Small amounts of Ran-Valsartan may get into breast milk. This can cause low blood pressure in the baby. Talk to your doctor, as other medicines might be better while you are breastfeeding.

Is Ran-Valsartan a safe blood pressure medicine?

Ran-Valsartan is a high blood pressure drug that is considered generally safe and tolerated better by patients than alternative treatments.

Is Ran-Valsartan bad for kidneys?

If Ran-Valsartan continues for a long time, the heart and arteries may not function properly. This can damage the blood vessels of the brain, heart, and kidneys, resulting in a stroke, heart failure, or kidney failur.

When should I take Ran-Valsartan?

Our results indicate that doses of 160 mg/d Ran-Valsartan are equally effective for BP control when taken once daily either on awakening or at bedtime.

Is Ran-Valsartan kidney protective?

Bedtime administration of  Ran-Valsartan is considered to normalize circadian rhythm and protect the kidneys and heart in CKD patients.

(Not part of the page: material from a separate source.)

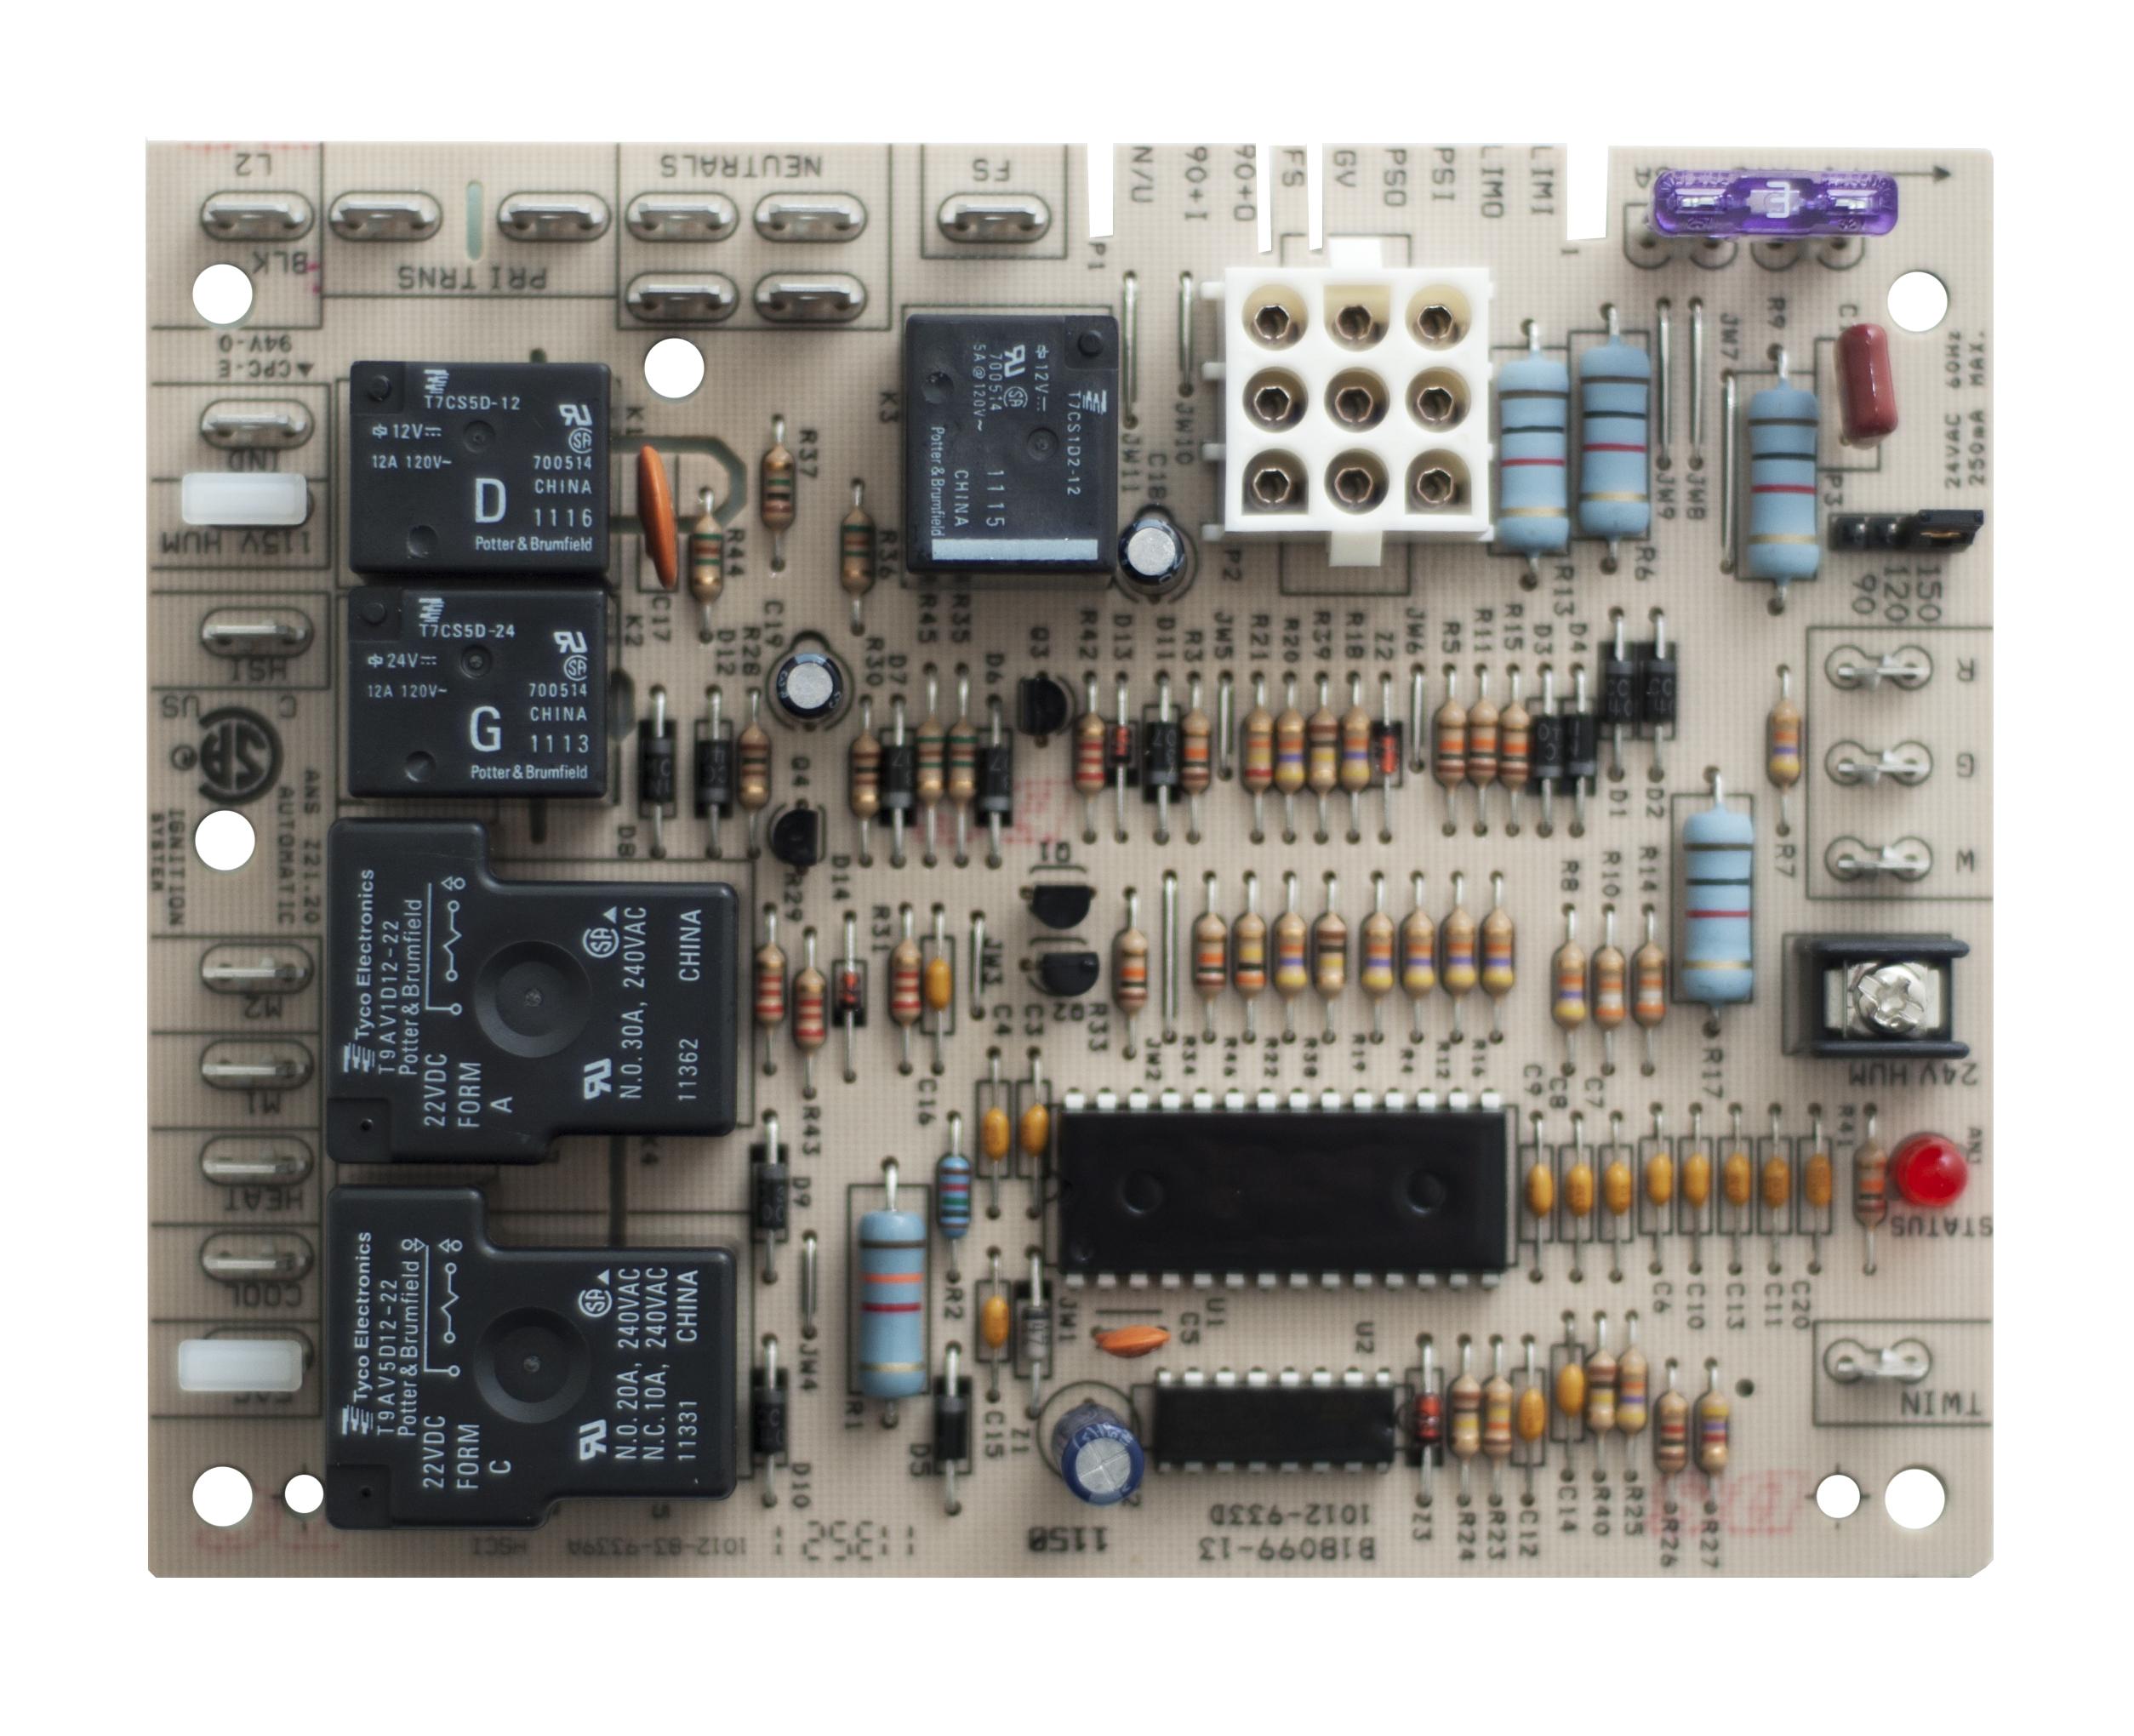 board wiring 3180ub wiring diagram detailed Vaporesso Target Circuit Board Wiring Diagram electronic circuit board sdvr8jat v1 0 schematic diagram circuit board wiring 3180ub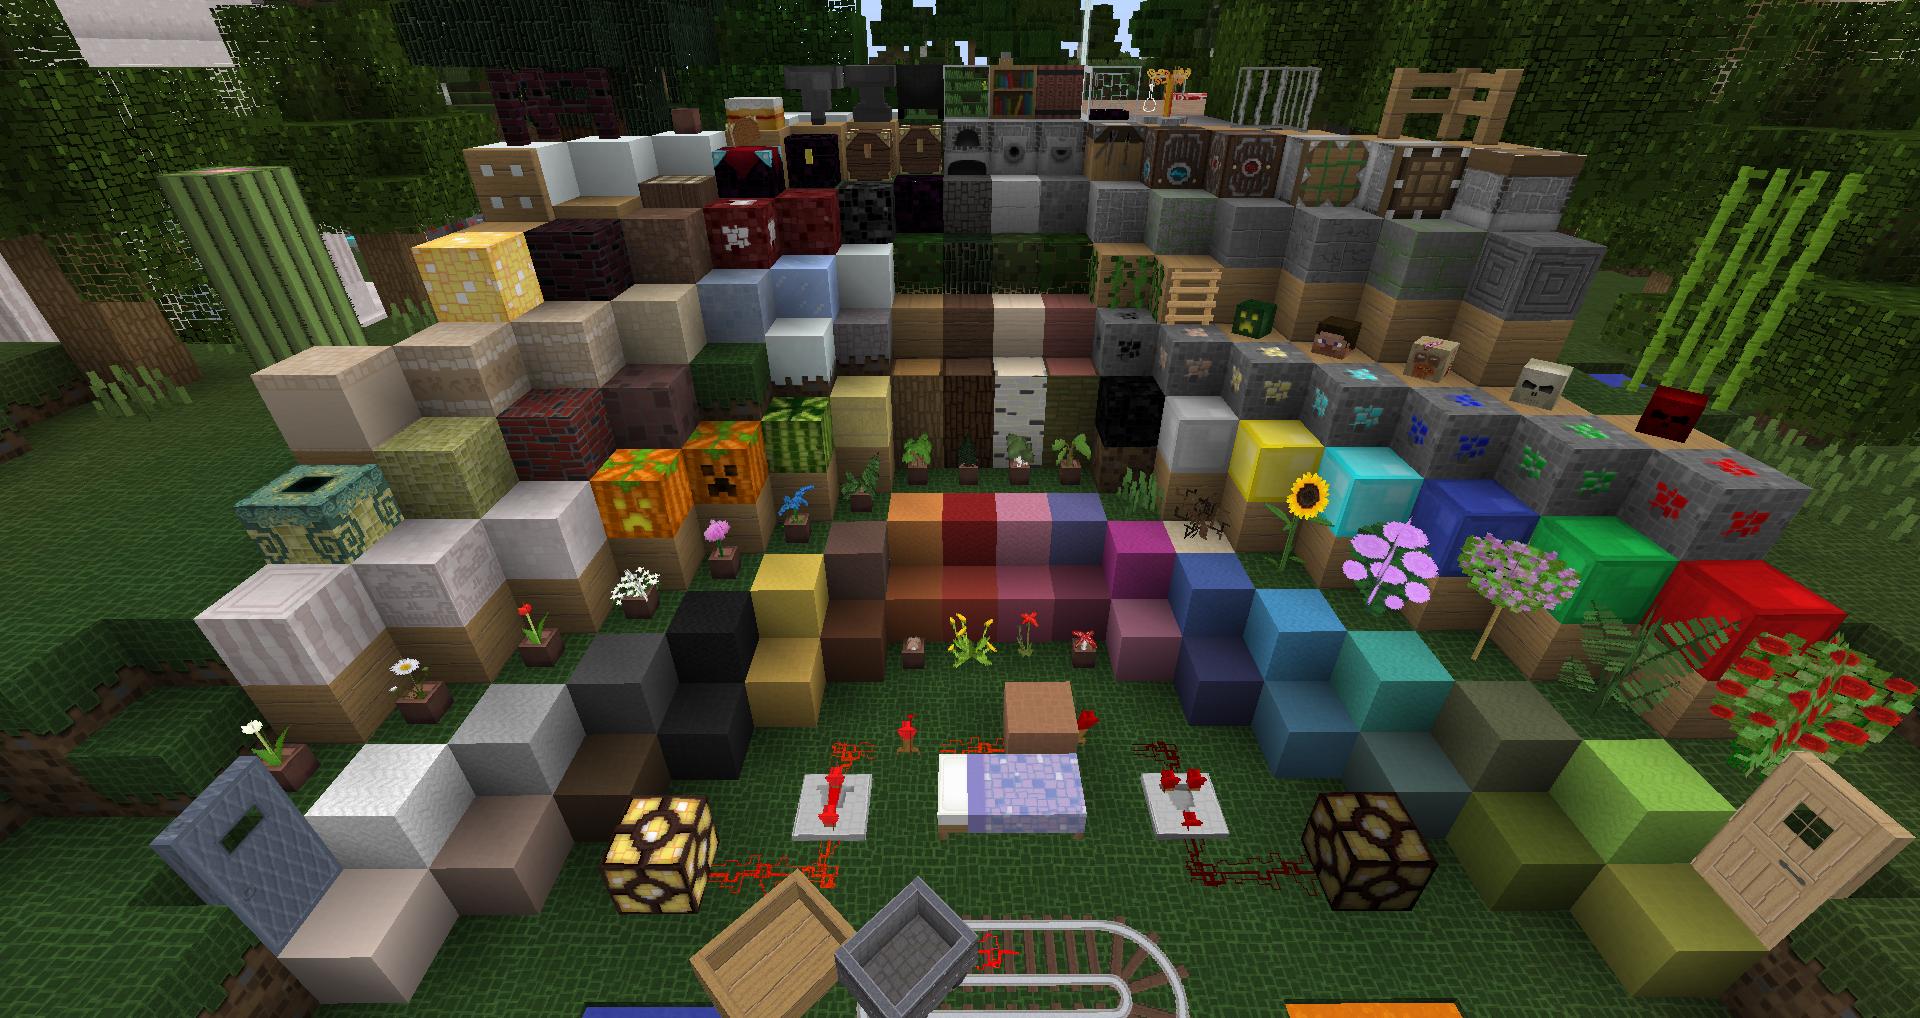 minecraft textures packs pour minecraft. Black Bedroom Furniture Sets. Home Design Ideas

Can I drink alcohol while taking Ran-Valsartan?

It is best to stop drinking alcohol until you see how the medicine affects you.Drinking alcohol can increase the blood pressure-lowering effect of Ran-Valsartan, which can make you feel dizzy or lightheaded. 

Does Ran-Valsartan make me tired?

Ran-Valsartan oral tablet doesn't cause drowsiness or tired. but it can cause other side effects.

How long does Ran-Valsartan last?

Ran-Valsartan can last up to 24 hours.Dosing strength varies depending on the condition being treated.

Can I stop Ran-Valsartan suddenly?

Stopping it suddenly may cause your blood pressure to spike. This may increase your chance for a heart attack or stroke.Don't stop taking this drug without talking to your doctor.

Does Ran-Valsartan help anxiety?

Ran-Valsartan reverses anxiety ,like behavior and induces hippocampal neurogenesis and expression of BDNF protein in unpredictable chronic mild stress mice.

Does Ran-Valsartan increase heart rate?

Ran-Valsartan does not directly cause a drop in heart rate, but it might have that effect indirectly in a small percentage of people who take it.

Does make make me lose weight?

In this population of overweight or obese patients with mild to moderate hypertension,Ran-Valsartan was well tolerated, and could be effective in controlling blood pressure and achieving weight loss in such patients.

Does Ran-Valsartan make I pee?

Ran-Valsartan is a combination of Ran-Valsartan and hydroclorothiazide, a diuretic, and it has been reported to cause nocturia, or frequent night urination.Ran-Valsartan has caused little or no increase in urination by itself.

Does Ran-Valsartan lower diastolic blood pressure?

Ran-Valsartan and enalapril induced a significant and comparable reduction of systolic and diastolic blood pressure.

Is Ran-Valsartan a diuretic?

Ran-Valsartan is a combination of an angiotensin receptor blocker and a diuretic used for treating hypertension (high blood pressure).

Does Ran-Valsartan cause liver damage?

The FDA has received reports that Ran-Valsartan has been linked with acute liver injury and elevations in some liver enzymes.

Can I take Ran-Valsartan for a long time?

Ran-Valsartan is generally safe to take for a long time.it works best when you take it for a long time. taking Ran-Valsartan for a long time can sometimes cause your kidneys not to work as well as they should.

*** Taking medicines without doctor's advice can cause long-term problems.